Whenever we see the word “optimization”, the first question to ask is “what is to be optimized?” Defining an optimization goal that is meaningful and approachable is the starting point in function fitting. In this post, I will discuss goal setting for function fitting in regression.

*This is No.3 post in the Connect the Dots series. See full table of contents. *

In the case of a supervised learning problem, the goal essentially contains 2 parts:

a fitting function to minimize the objective function on training data**find**a fitting function to minimize the prediction error on testing data (the ultimate goal)**select**

Notice that I use 2 different verbs here: * find* and

**, which correspond to model training and model selection, respectively.**

*select*Let’s talk about model training first:

**Goal: find a fitting function to minimize the overall objective function on the training data**

\(Obj(f, X_{train}, y_{train}) = L(f(X_{train}), y_{train})) + J(f) \tag{1}\)

First, let’s look at the first element which captures the total prediction error on the training data \(L(f(X_{train}), y_{train})\). For simplicity, I will omit “train” in the subscript.

\(L(f(X), y) = \sum_{i=1}^{N} l(f(x_i), y_i) \tag{2} \)

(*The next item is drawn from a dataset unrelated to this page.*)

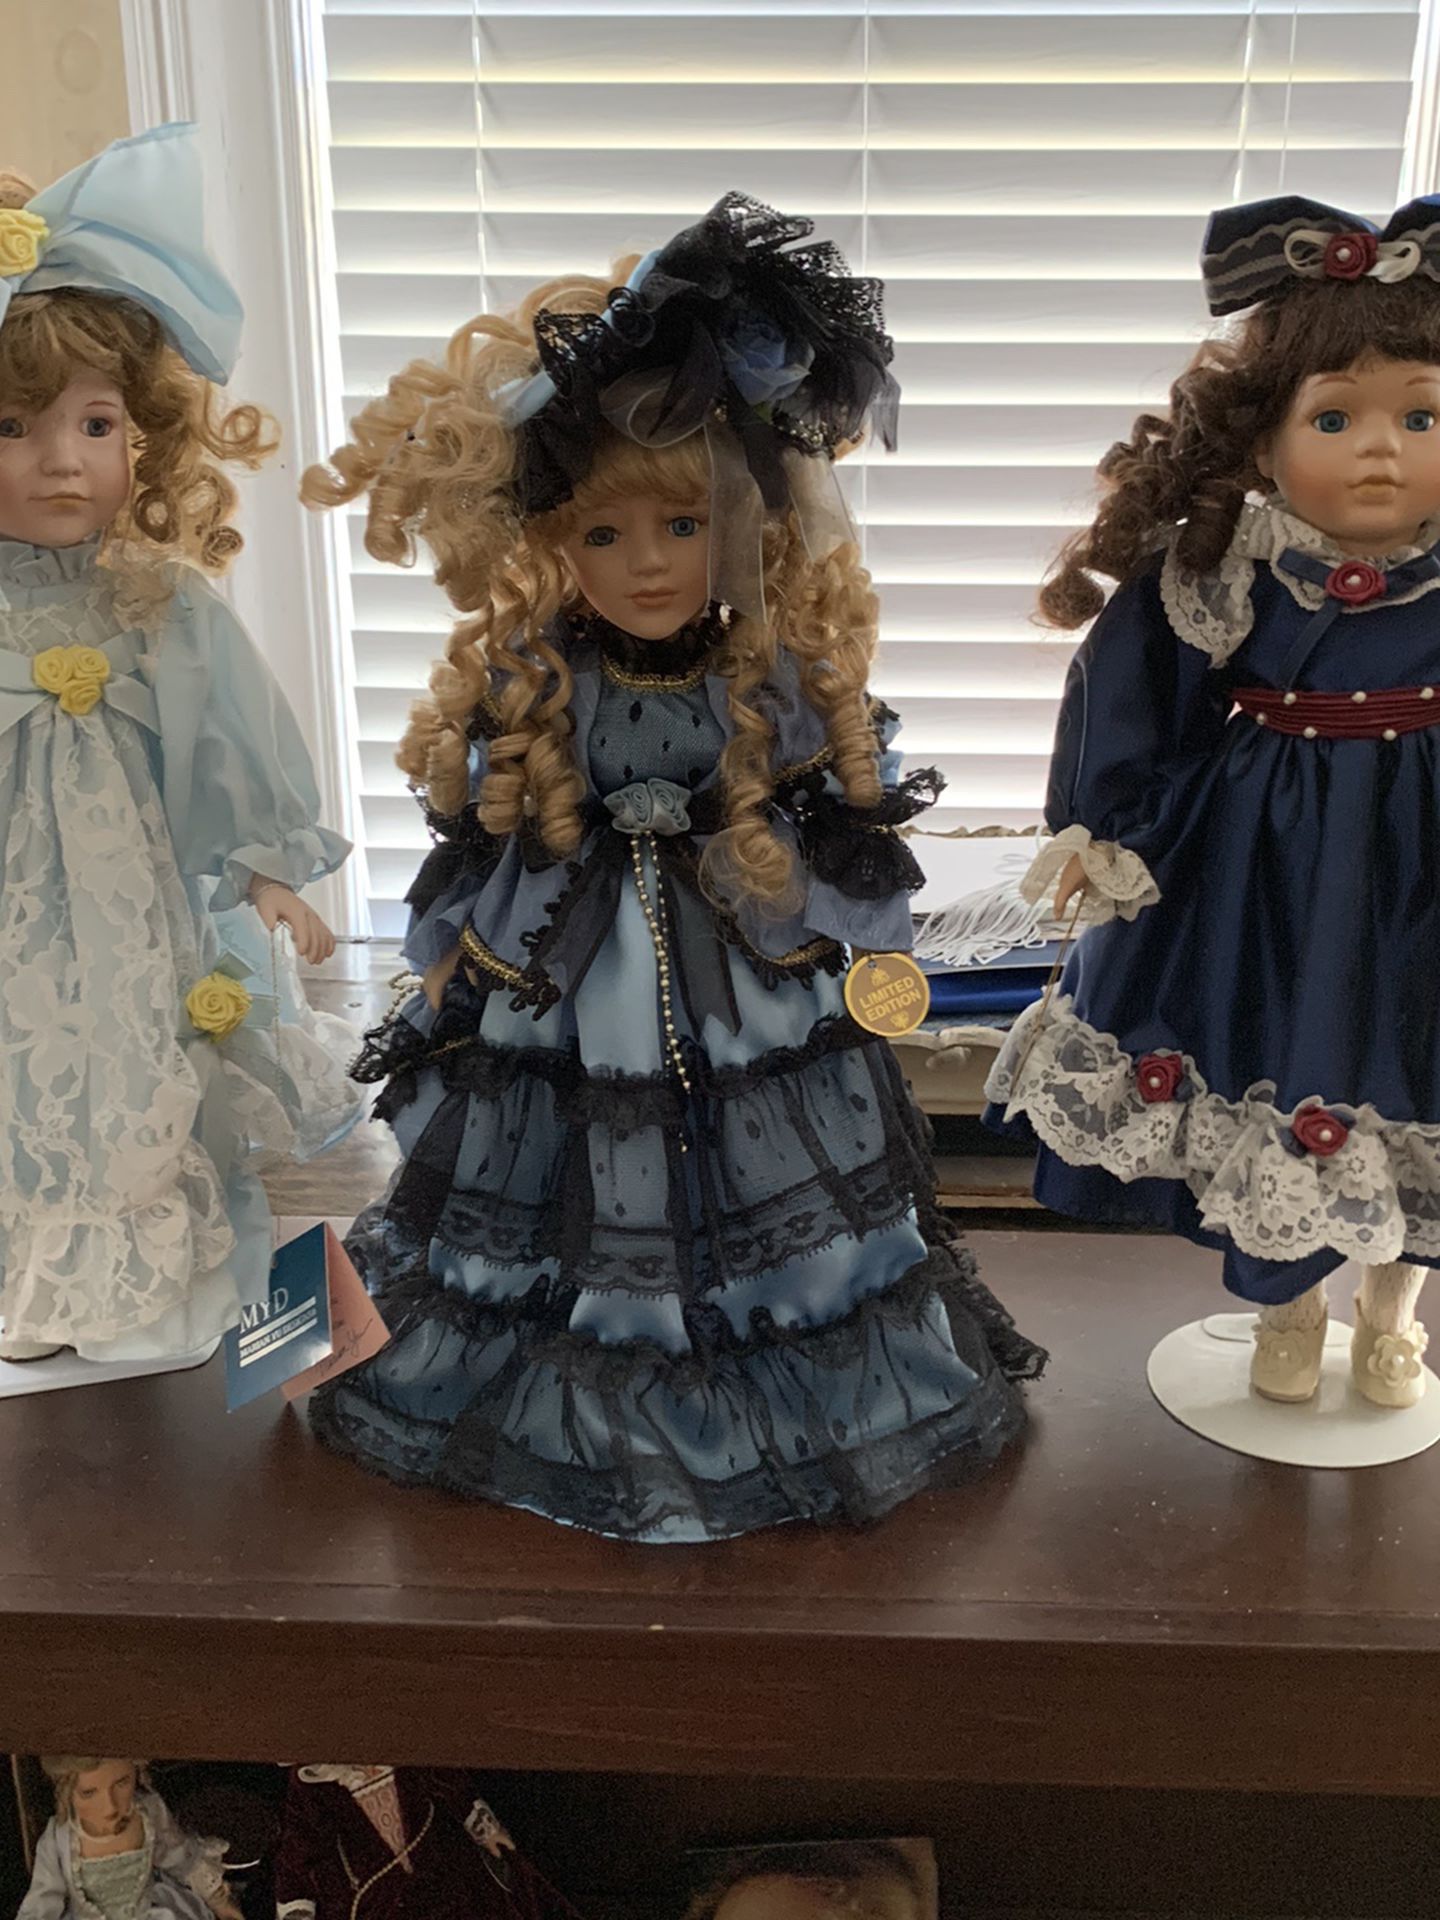 Lovely Vintage Dolls! $25

Input \(X = (X_1, X_2, …, X_p)^T, X \in R^{N \times p}, x_i \in R^p\). In regression, output \(y_i \in R \); in classification, output \(y_i \in {1,2,…k} \) and \(k\) represents discrete class labels. In this post, I only discuss the regression problem, and in the next post, I will focus on the classification problem.

\(L\) is an aggregation of \(l\) over all data points, and it is sometimes averaged by the number of points \(N\) to represent the mean prediction error.

Our goal is to minimize \(L\) in Equation 2.

**A simple linear regression**

Let’s start with a simple case \(p = 1, \beta_0 = 0, N=2\). Notice that \(N >= p+1\) in order to have a unique solution in the linear function. The 2 data points are denoted by \((x_1,y_1), (x_2, y_2)\) and 2 parameters by \(\beta_0, \beta_1\). All values are real numbers \(R\).

\(\hat y_1 = \beta_1 x_1 \tag{3.1}\)

\(\hat y_2 = \beta_1 x_2 \tag{3.2} \)

The total loss function to be optimized is \(L(f(X), y) = \sum_{i=1}^{N} l(\hat y_i, y_i) \)

A commonly used loss function is squared error:

\(l(\hat y_i, y_i)= (y_i – \hat y_i )^2 \tag{4} \)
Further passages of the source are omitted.